DATA IN THIS EXERCISE

----

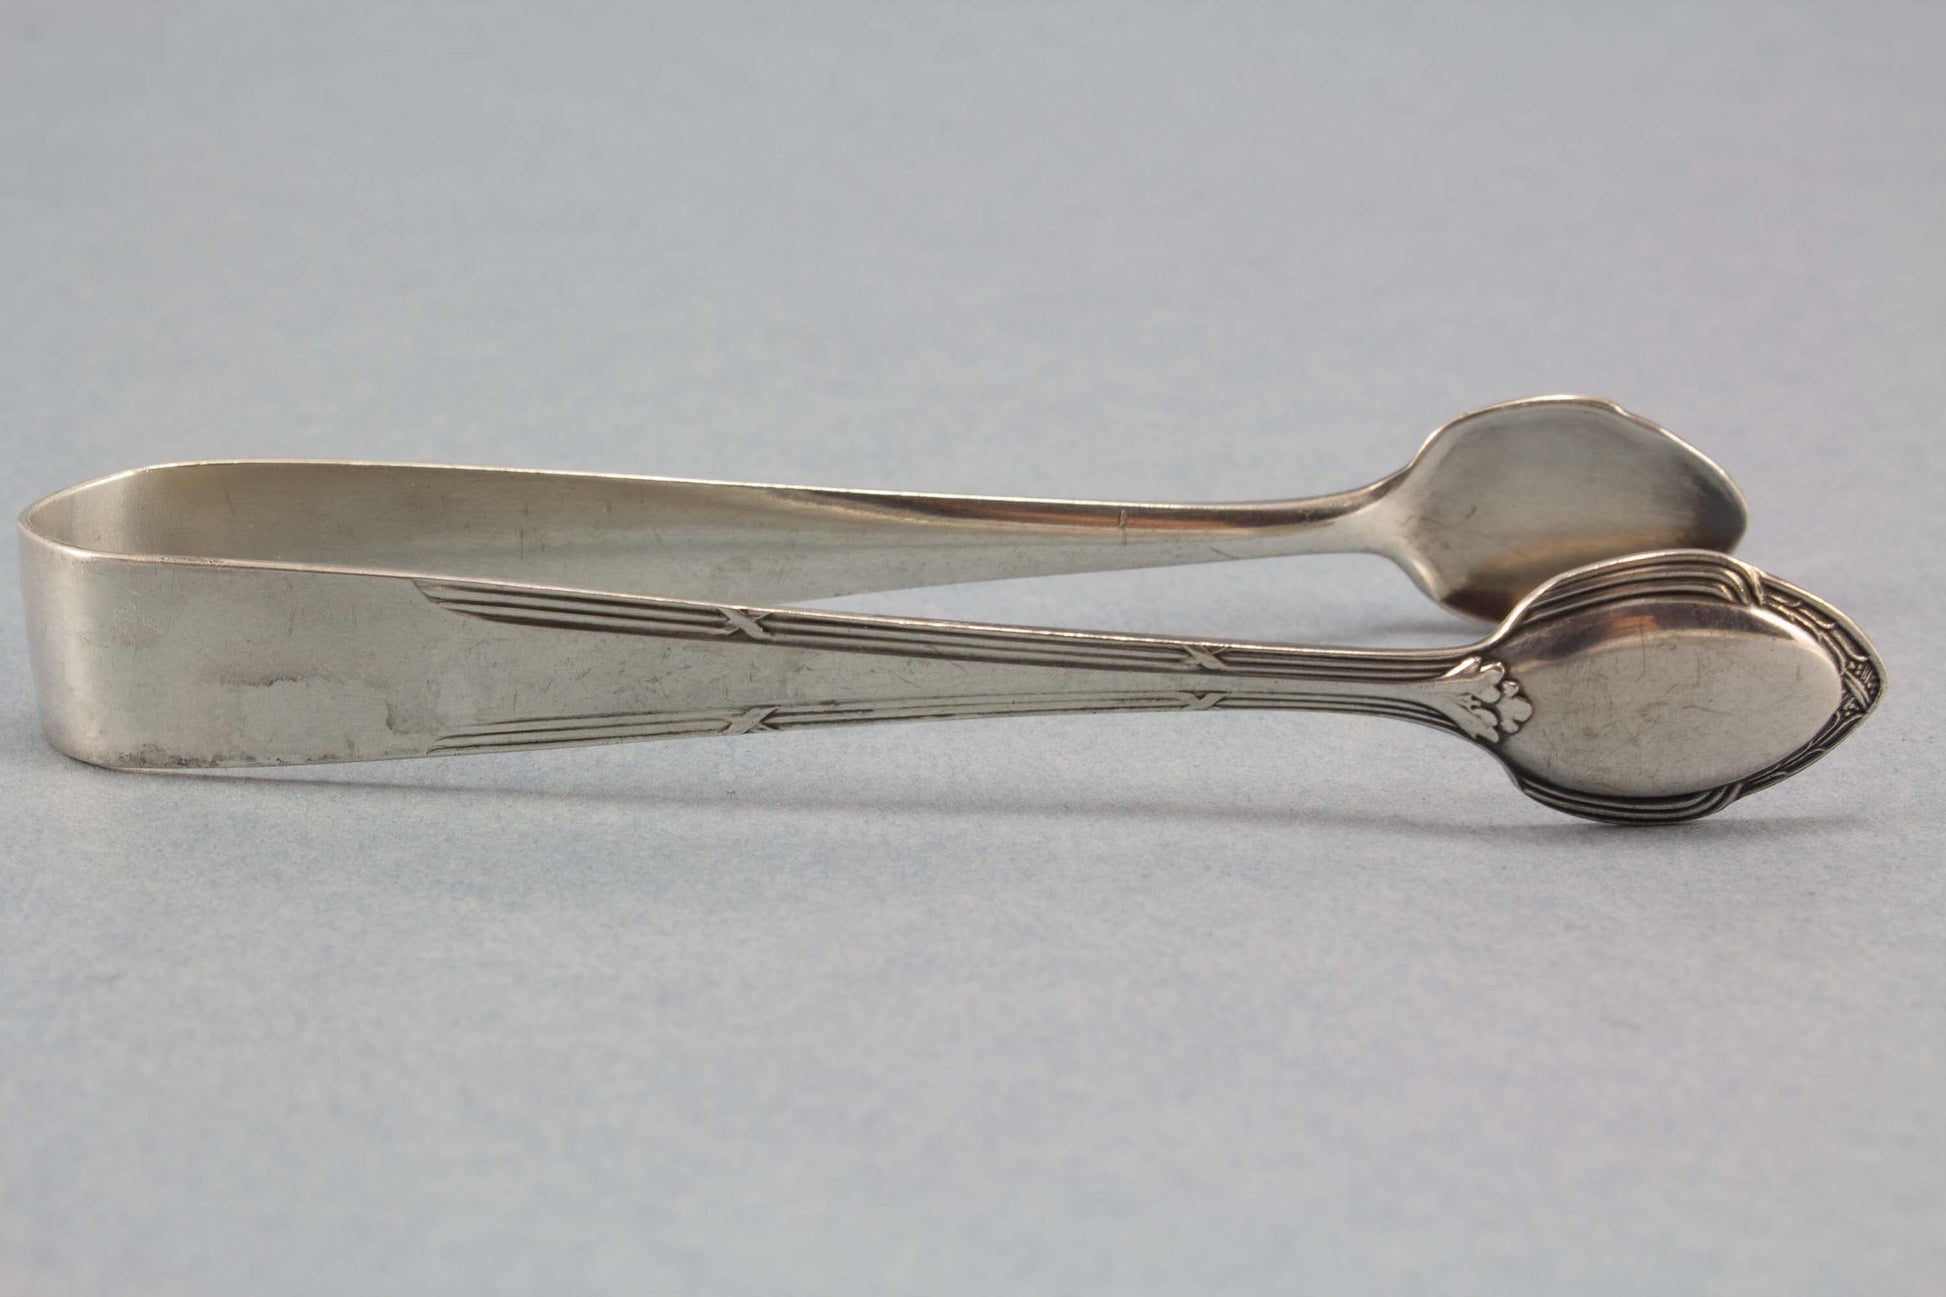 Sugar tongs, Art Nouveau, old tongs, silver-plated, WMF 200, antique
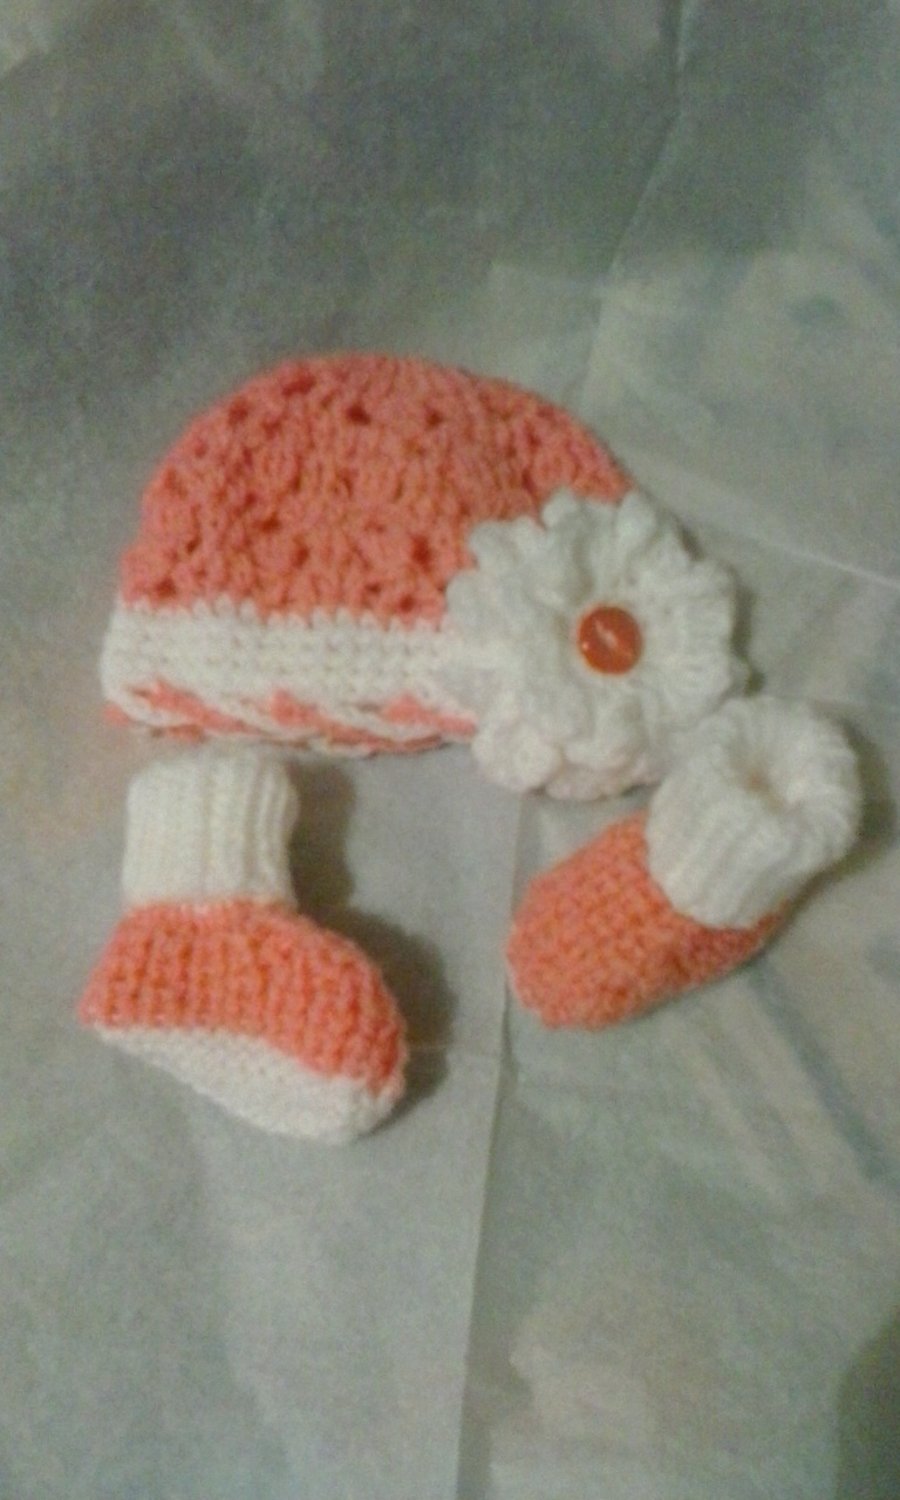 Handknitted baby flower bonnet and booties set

----

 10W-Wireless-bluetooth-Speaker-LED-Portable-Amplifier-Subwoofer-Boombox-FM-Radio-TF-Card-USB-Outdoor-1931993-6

----

WHAT NEEDS TO BE DONE
Working from the entries above, please transcribe only the lines from the line with "Sugar tongs, Art" through the line with "Handknitted baby flower", exactly, with both end lines and without pictures.

ANSWER SECTION
 Sugar tongs, Art Nouveau, old tongs, silver-plated, WMF 200, antique
 Handknitted baby flower bonnet and booties set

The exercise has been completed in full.